The Federal Reserve Bank recently released 1,197 pages of transcripts of its 2006 closed door meetings.  As the Wall Street Journal comments: “The transcripts paint the most detailed picture yet of how top officials at the central bank didn’t anticipate the storm about to hit the U.S. economy and the global financial system.”  

Federal Reserve officials suspected that housing prices were peaking (see chart below).  But since they didn’t believe that prices had been driven up by a well entrenched bubble, they were not very concerned that they were coming down. 

p1-be338_fed_ns_20120112181819.jpg 

The Financial Times described the general Federal Reserve stance as follows:

Almost every Fed policymaker concluded that weaker housing would cause a slowdown in consumption and investment but expected that to offset strength elsewhere in the economy, leading to continued growth overall.

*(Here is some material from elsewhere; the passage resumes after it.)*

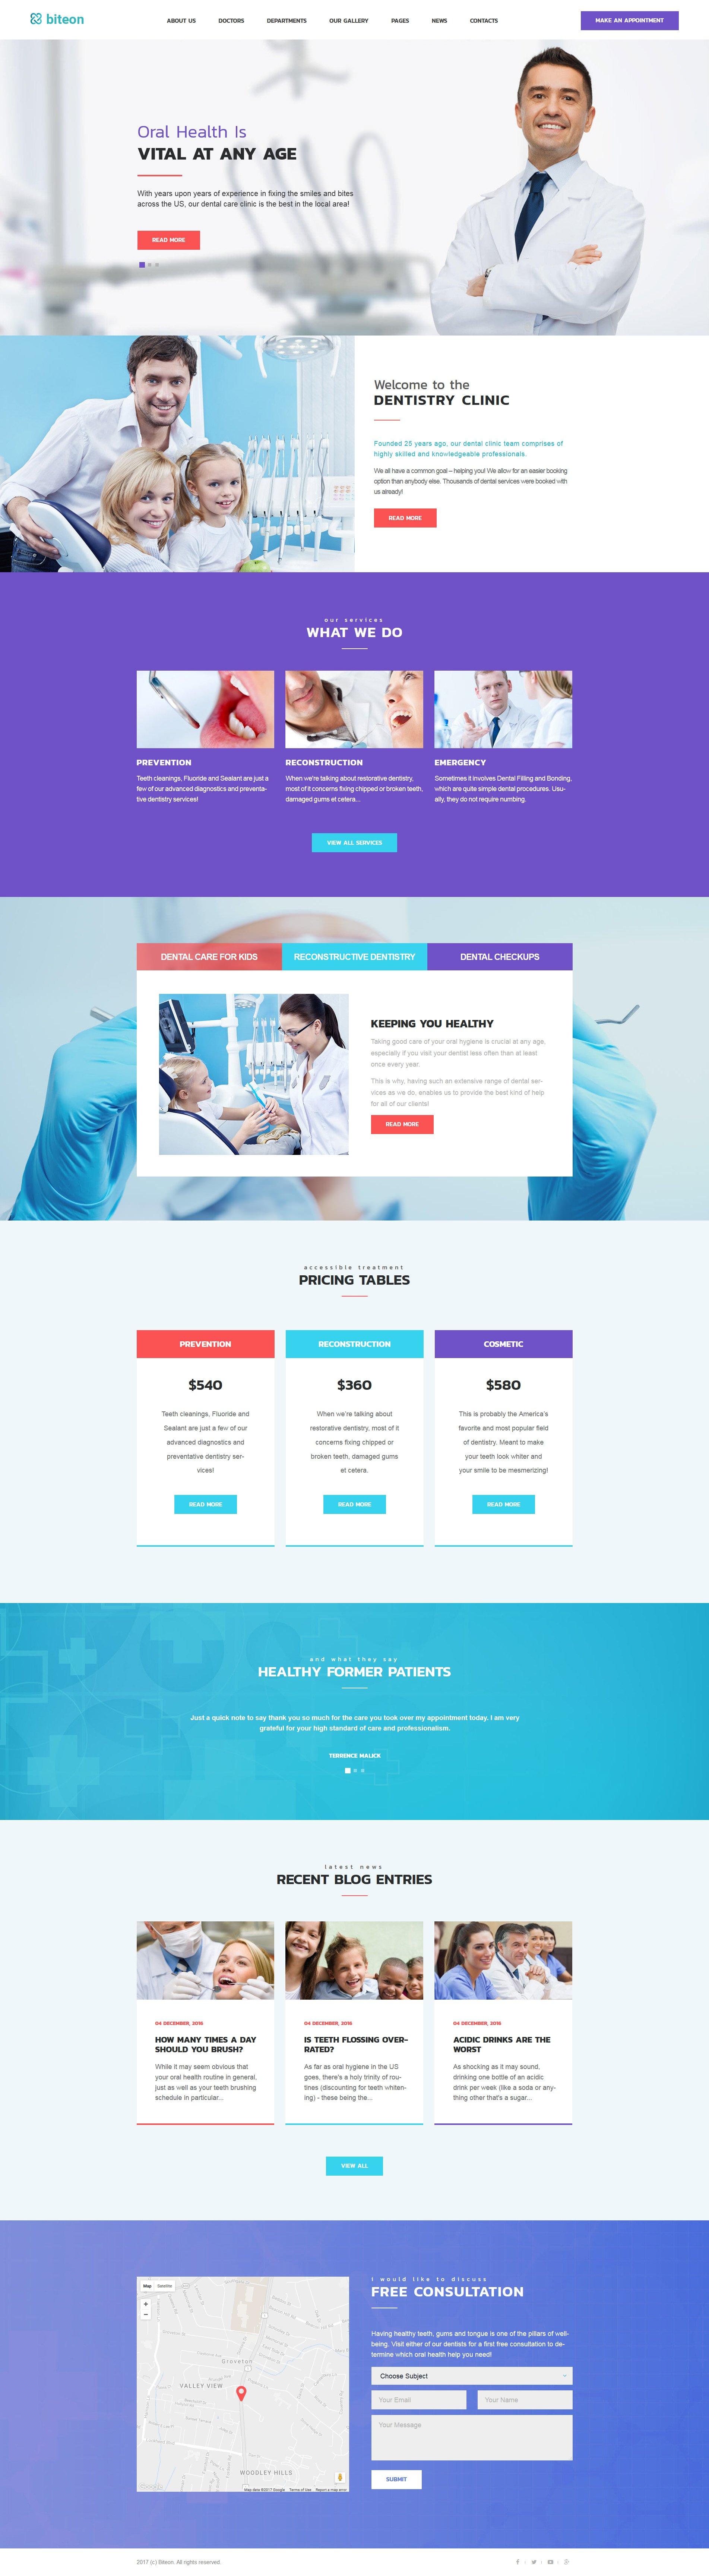 """Biteon - Dentistry Clinic Responsive"" - адаптивний WordPress шаблон №63546"

“Housing is the crucial issue. To get a soft landing, we need some cooling in housing,” said Ben Bernanke, Fed chairman, in his summing up of the economic situation in March 2006. “I think we are unlikely to see growth being derailed by the housing market.”

Indeed, a number of Fed officials saw the housing slowdown as welcome news that would help resolve a potential threat to the economy. “As to housing, we are in fact, as all have noted, squeezing out of that sector the speculative excesses that developed with the low interest rates of recent years — and doing so is unavoidable if we want to correct the sector,” said Thomas Hoenig, then president of the Kansas City Fed, at the September 2006 meeting of the FOMC. 

The transcripts show that the Federal Reserve was so confident that the economy was on solid footing that many officials were, according to the Wall Street Journal:   

…offering praise for outgoing Fed Chairman Alan Greenspan, who attended his final Fed meeting in January 2006. Timothy Geithner, then president of the Federal Reserve Bank of New York and now Treasury Secretary, playfully offered this forecast about Mr. Greenspan’s legacy: “I think the risk that we decide in the future that you’re even better than we think is higher than the alternative.”

The transcripts also suggest that Fed officials misgauged the potential for housing problems to spill over into the broader economy.

“Our recent financial-market data don’t, in my view, provide a convincing case for a substantial increase in the probability of a much weaker path for growth going forward,” Mr. Geithner said at a meeting in December 2006.  

So how did the best and the brightest get it so wrong?

Perhaps the major reason is because it served their interests to pretend there was no housing bubble.  The recovery from our 2001 recession was driven by consumption and that consumption was supported directly and indirectly by the housing bubble.  In other words stopping the bubble would have revealed the weakness in our economy and the need for serious structural change.  It was far easier and more lucrative for those at the top to just let the bubble go on expanding and pretend that it didn’t exist.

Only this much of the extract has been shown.